Monday 18 December 2017

Using public Docker Hub for private Golang project images


Ever wondered if you really have to either pay for a private Docker Hub repository or run your own private Docker Registry in order to keep your Docker images private? Might there a way to use a public repository as a private one? Yes, there is - read on!

To answer this question, let's take a step back and analyse the main reasons for keeping your Docker images private. In my experience, the reasons usually boil down to one of the following:
  1. Restricting access to who can pull the image containing the binaries and the configuration of a closed source project.
  2. Hiding confidential/sensitive information such as passwords, tokens and private keys contained in the images.


Problem

In order to pull an image from a private Docker Hub Repository or a private Docker Registry, a Docker client needs to provide valid credentials when pulling the image, either in the form of username/password or as a valid authentication token. Assuming that the credentials are kept private, access to the image is restricted to the people/systems that are in possession of those credentials.
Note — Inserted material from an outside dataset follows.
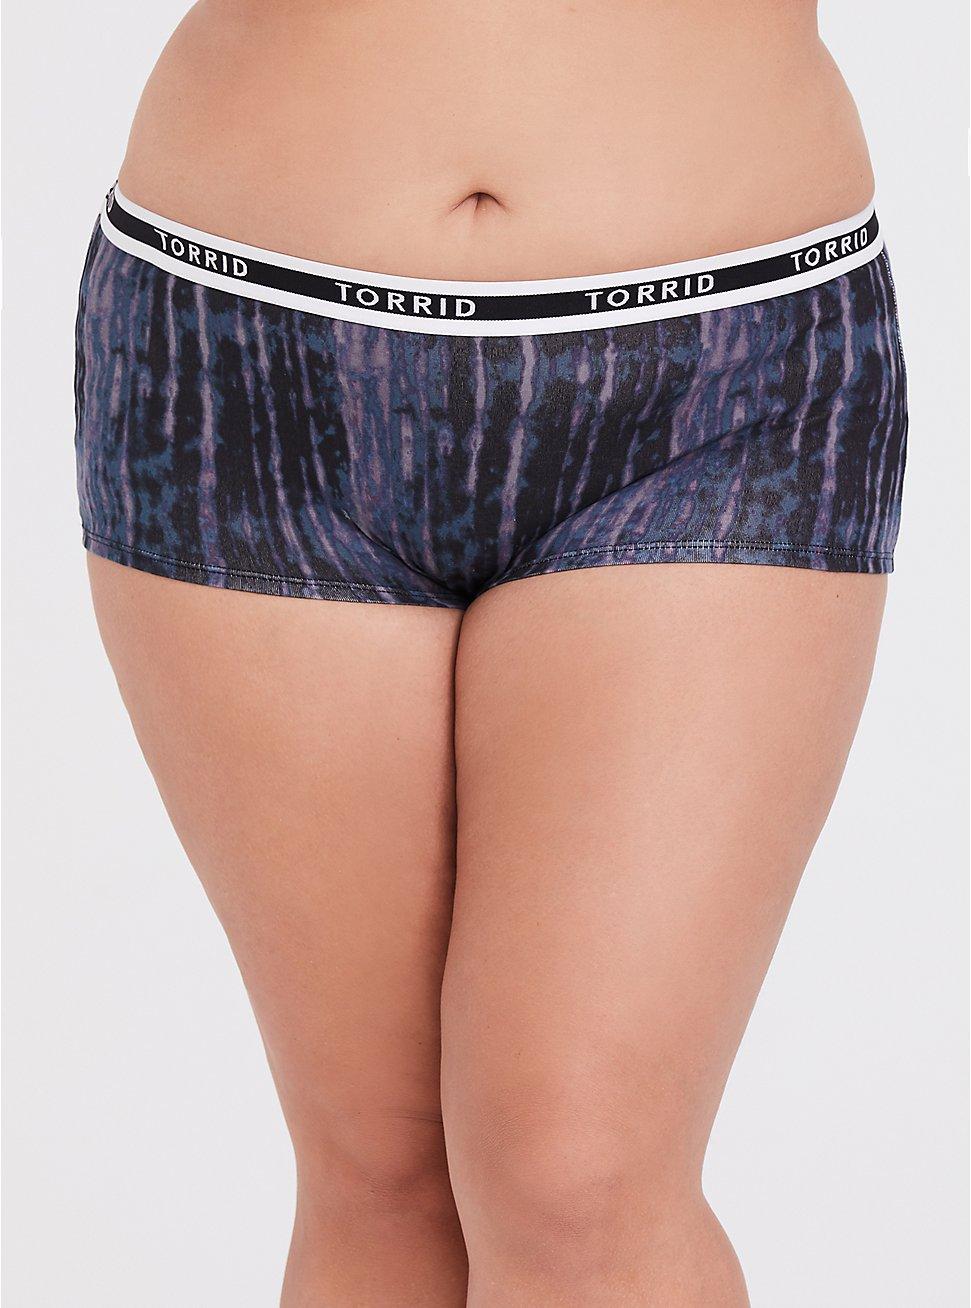 Torrid Logo Purple Tie-Dye Cotton Boyshort Panty, TIE DYE-BLACK, hi-res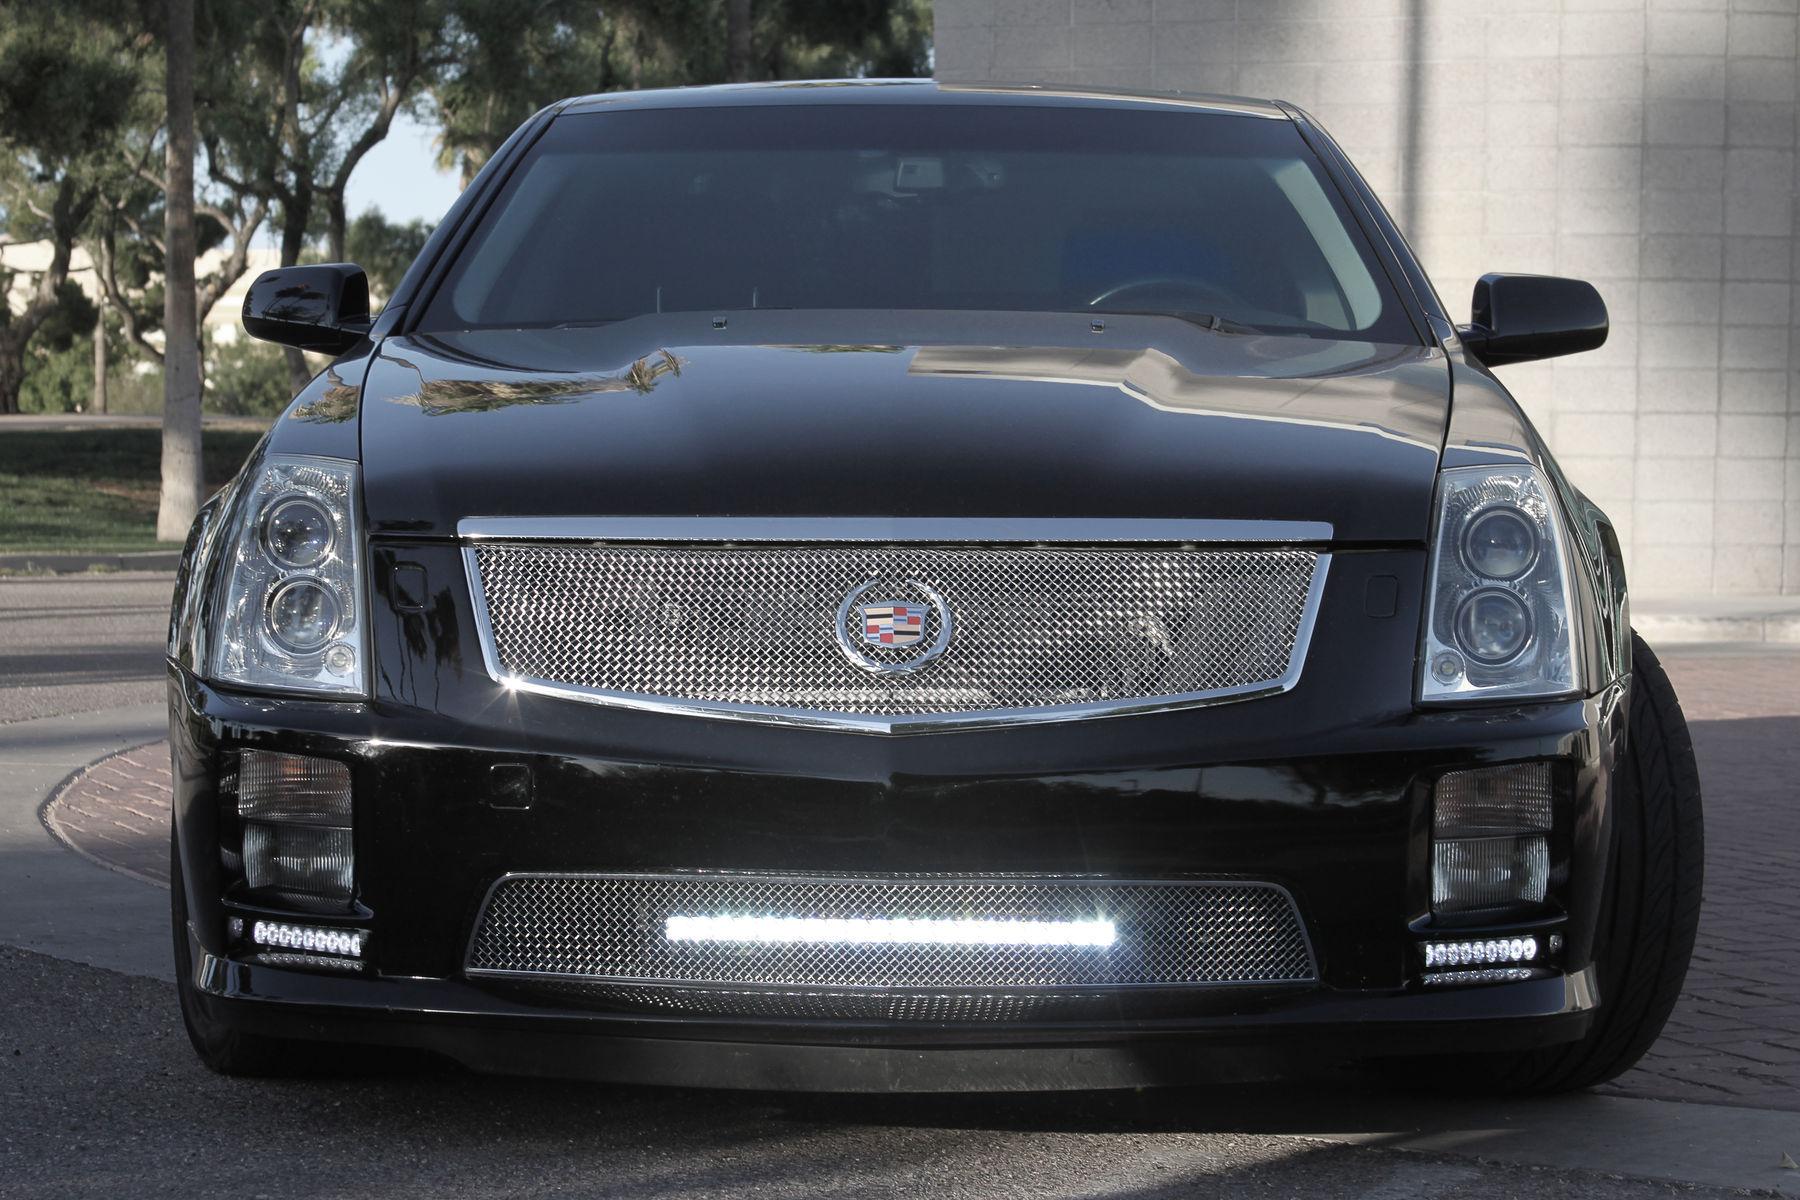 Cadillac  | Sleek Cadillac CTS with Sr-Series lights

The only problem with this solution is that it costs money. Docker Hub provides free hosting for an infinite number of images, as long as they're public; but for private images it charges $12 to $16.80 per image and year, depending on the plan. This might be acceptable if you're running a business that generates revenue, but if you would like to store the content of your private research project on Docker Hub, then you might feel that price is relatively steep.

What are your options? You could run your own Docker Registry. But guess what? That registry has to run somewhere. You'd have to take care of backups, monitoring etc. You will end up paying even more, both in money and time.

Infrastructure free solution

But wait, before your admit defeat and give your credit card details to Docker Hub, let's see if we can achieve our goals using only public images hosted on Docker Hub.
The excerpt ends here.